Following latest revelations that if the Ways and Means Advances from the Central Bank of Nigeria (CBN) to the Federal Government are securitised, Nigeria’s total public debt stock may hit N77 trillion, analysts have said that the country is heading towards debt trap which will eventually lead to further downgrade of sovereign ratings and negatively affect the country’s trading partners.

According to Patience Oniha, Director-General of the Debt Management Office (DMO), the country’s debt has already crossed the N44 trillion threshold in September 2022 and immediately after the National Assembly approves the securitisation of the CBN’s Ways and Means, the amount would be added to the national debt.

Nigeria’s debt stock is set to hit about N77 trillion with the addition of the N22.7 trillion loans from the CBN to the Federal Government as well as new borrowings billed for 2023.

The country’s debt profile hit N44.06 trillion in the third quarter of 2022 from N39.56 trillion at the end of 2021, data from DMO shows.

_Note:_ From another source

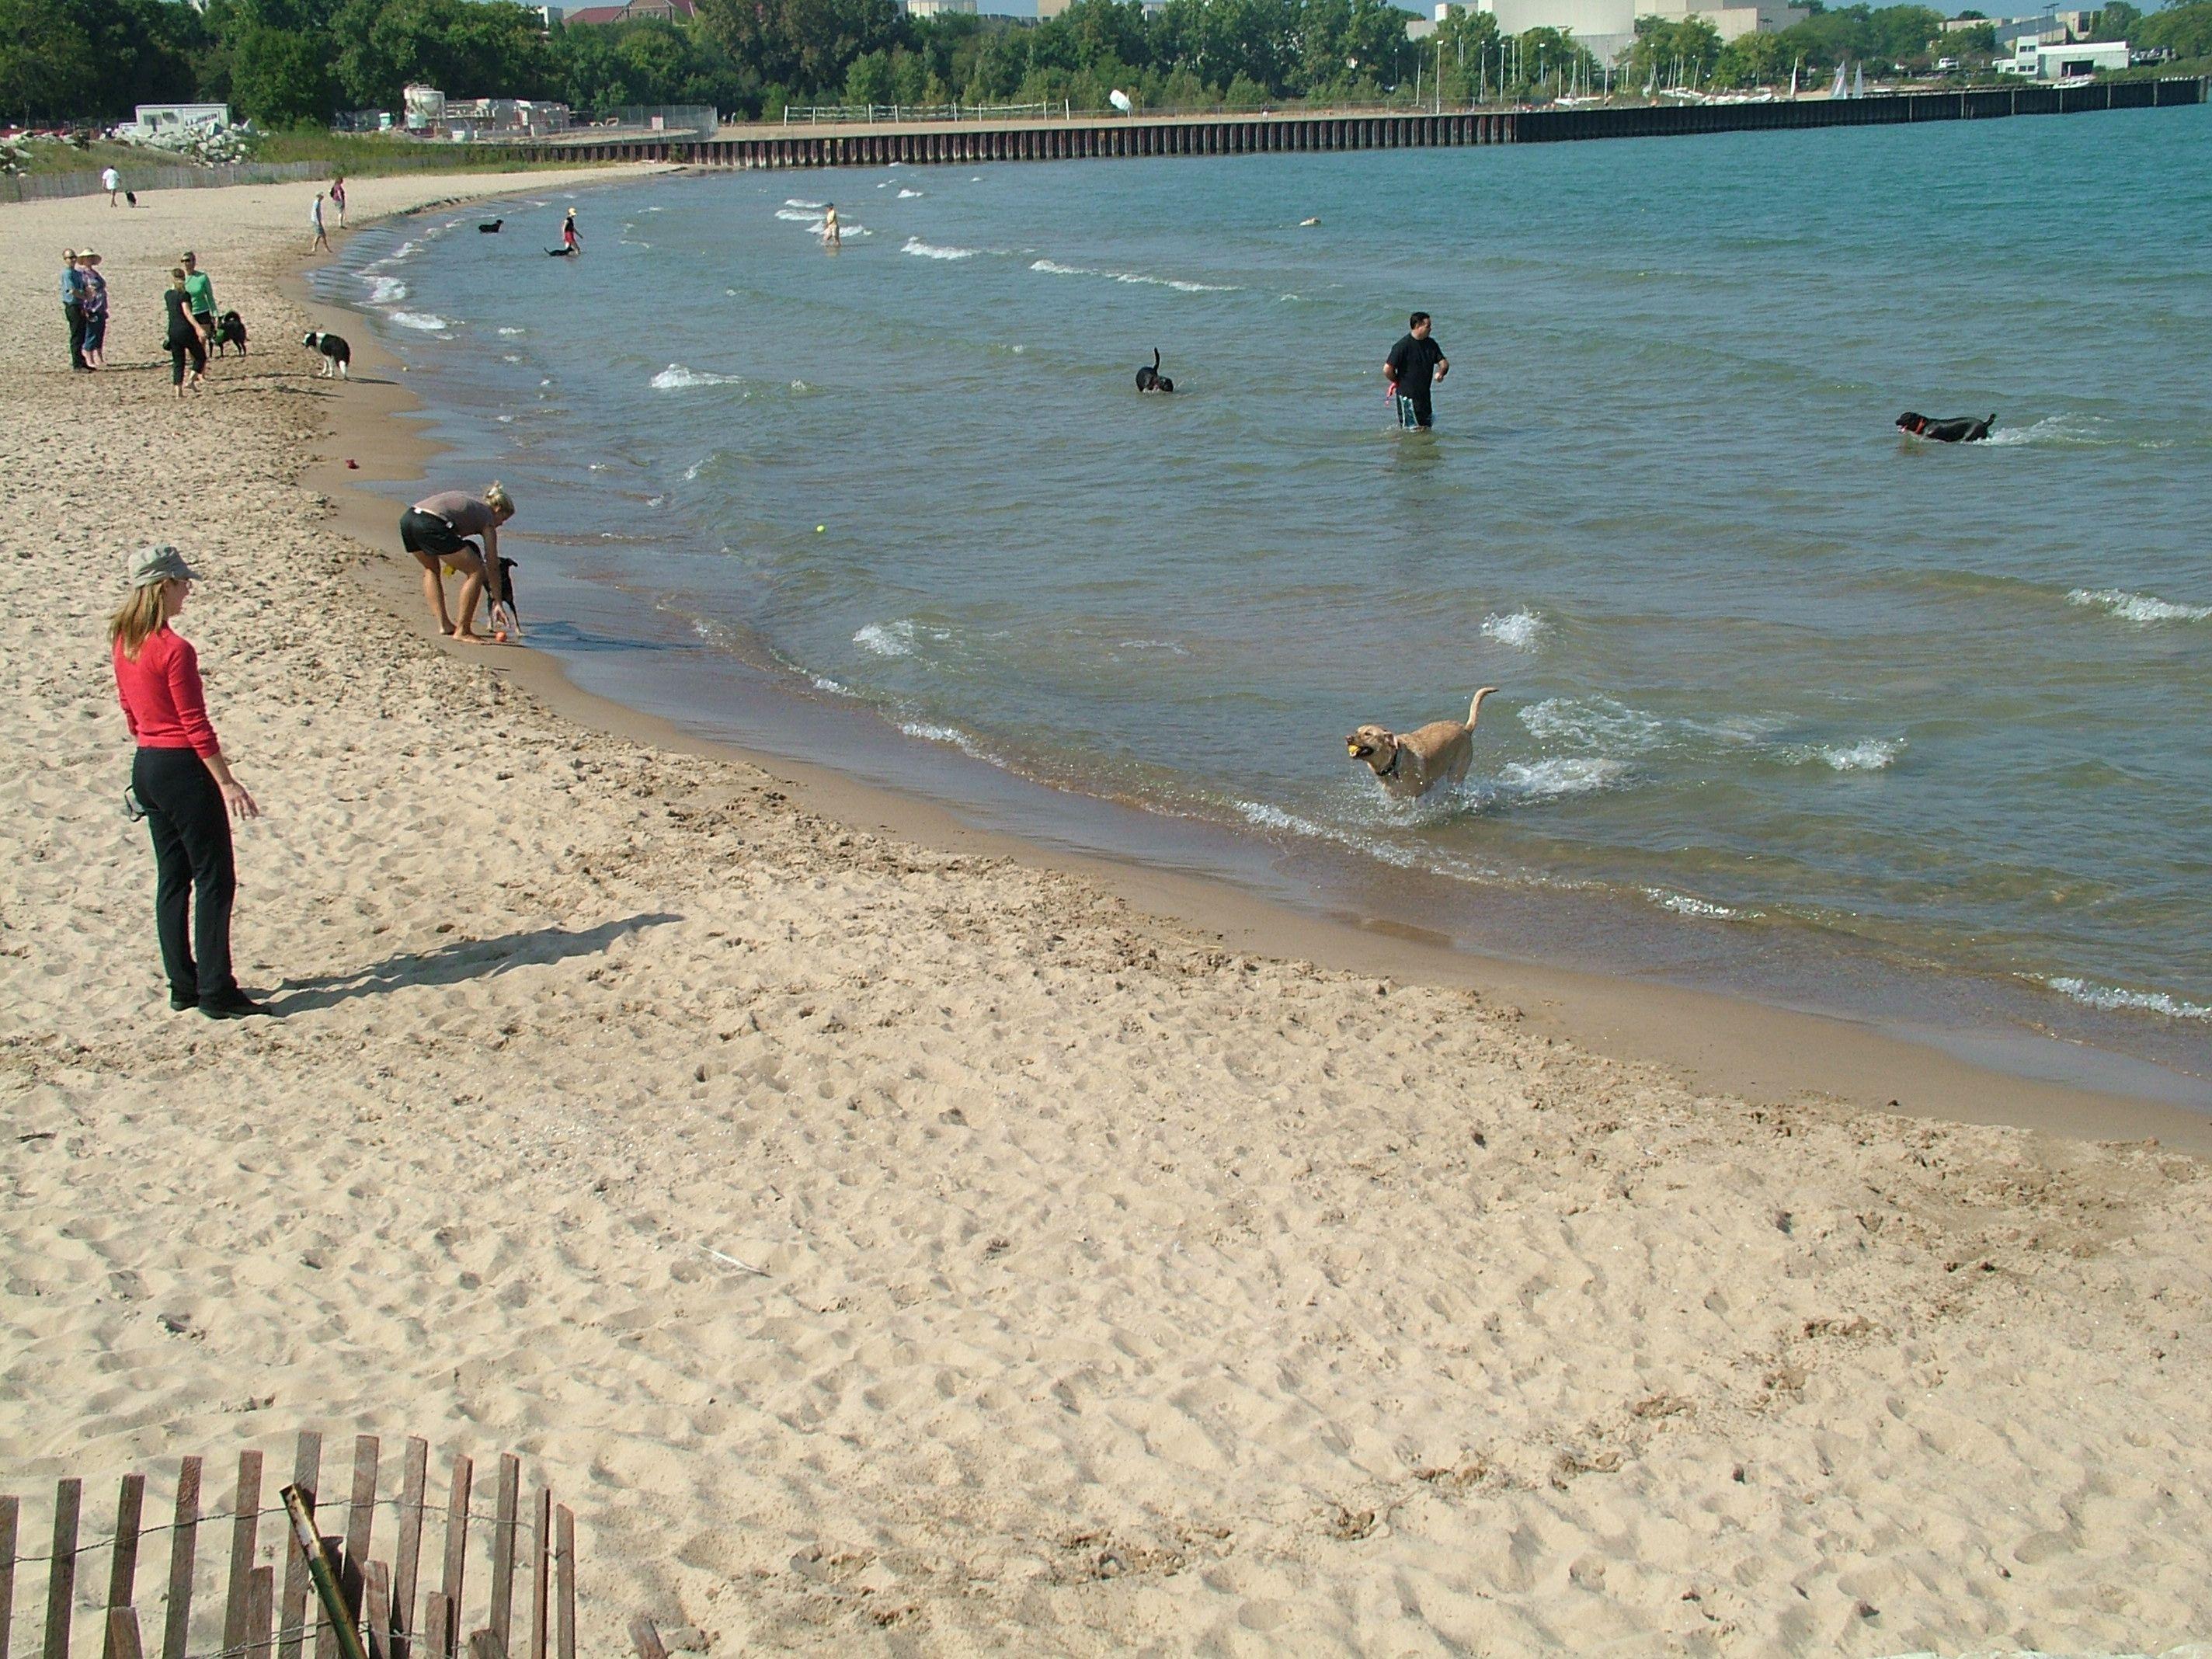 Fun at Evanston Dog Beach | Chicago | Dog beach, Evanston
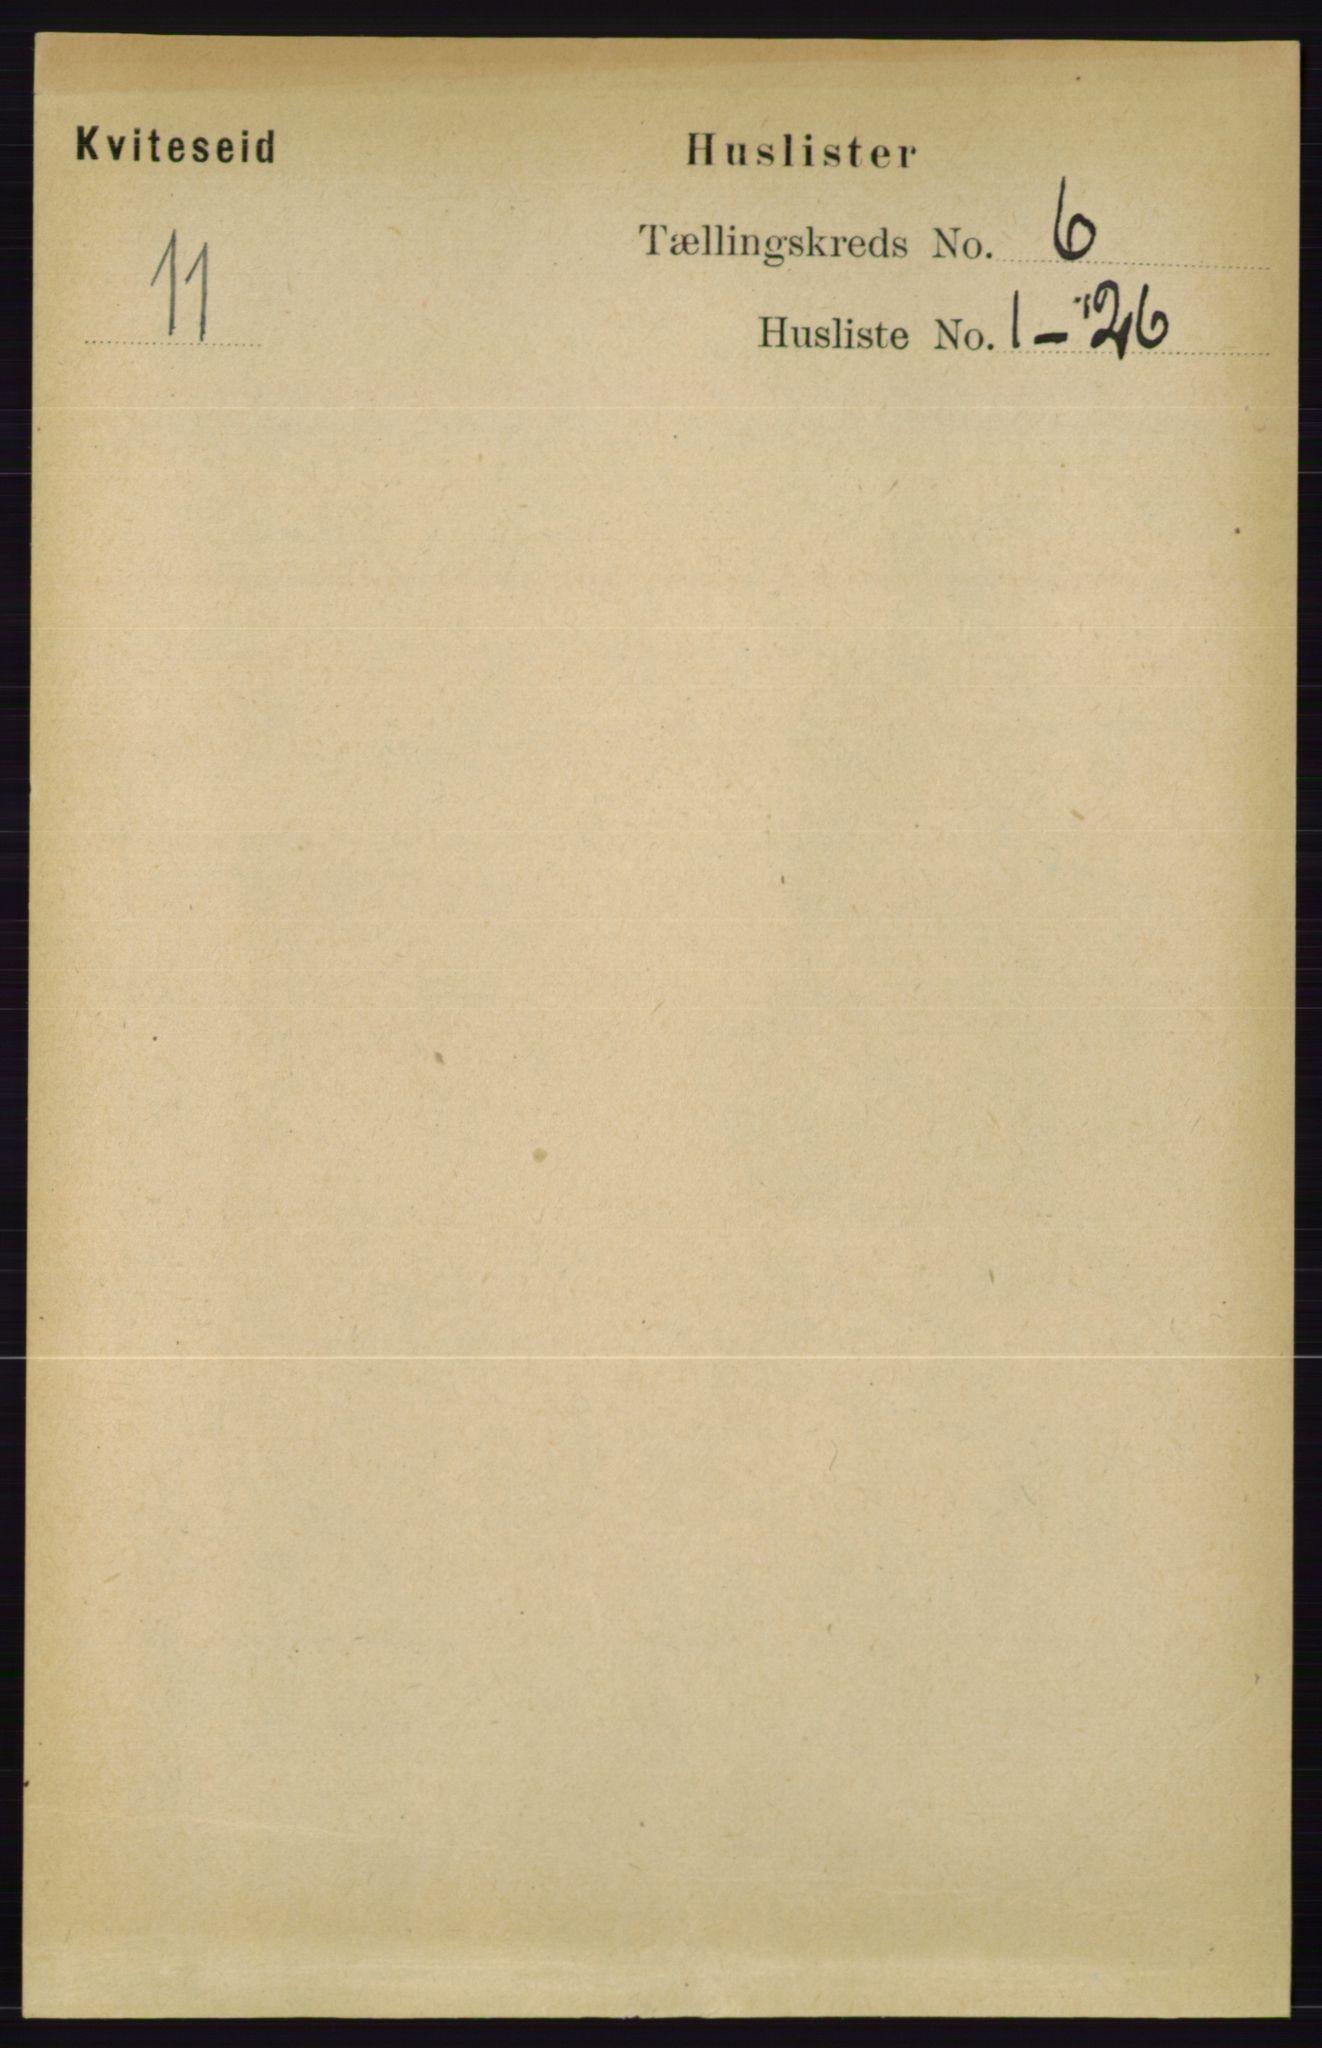 RA, Folketelling 1891 for 0829 Kviteseid herred, 1891, s. 1138

In the words of a public affairs analyst, Kalu Aja, “If you do business with the Nigerian government or lend to the Nigerian government or do business in Nigeria, or trade with the markets in Nigeria, your entity will be downgraded because of the Nigerian government’s debt trap.”

It should be recalled that Moody’s Investors Service downgraded Nigeria’s local currency and foreign currency long-term issuer ratings as well as its foreign currency senior unsecured debt ratings to B3 from B2, placing them on review for further downgrade.

Also, in November 2022, Fitch Ratings downgraded Nigeria’s Long-Term Foreign-Currency Issuer Default Rating (IDR) to ‘B-’from ‘B’. The Outlook is Stable.

Then they downgraded the eight largest Nigerian banks as well as Dangote Cement, Seplat and one of the largest independent owners, operators and developers of shared telecommunications infrastructure, IHS Towers.

“When you are downgraded, your cost of borrowing goes up, meaning Nigeria will pay more to borrow.

“The more Nigeria borrows, the more your taxes go up. Also the borrowing causes spending to rise, leading to inflation,” Aja tweeted.

 

Accumulating debt has always been frowned upon. Nonetheless, there may be situations when one has no option but to incur debt.

But, whatever the situation, experts believe it is best to avoid taking multiple lines of credit.

Not over-utilising credit limits is vital to ensure corporates and sovereigns don’t fall into a debt trap. Finance experts describe a debt trap as a situation where a borrower is forced to take on new loans simply to repay existing ones. In essence, a debt trap occurs when debt obligations surpass one’s loan repayment capacity.

However, if equated monthly installments (EMIs) are not paid on time, the interest on the outstanding amount would keep increasing and may include late payment penalties. This keeps inflating overall debt.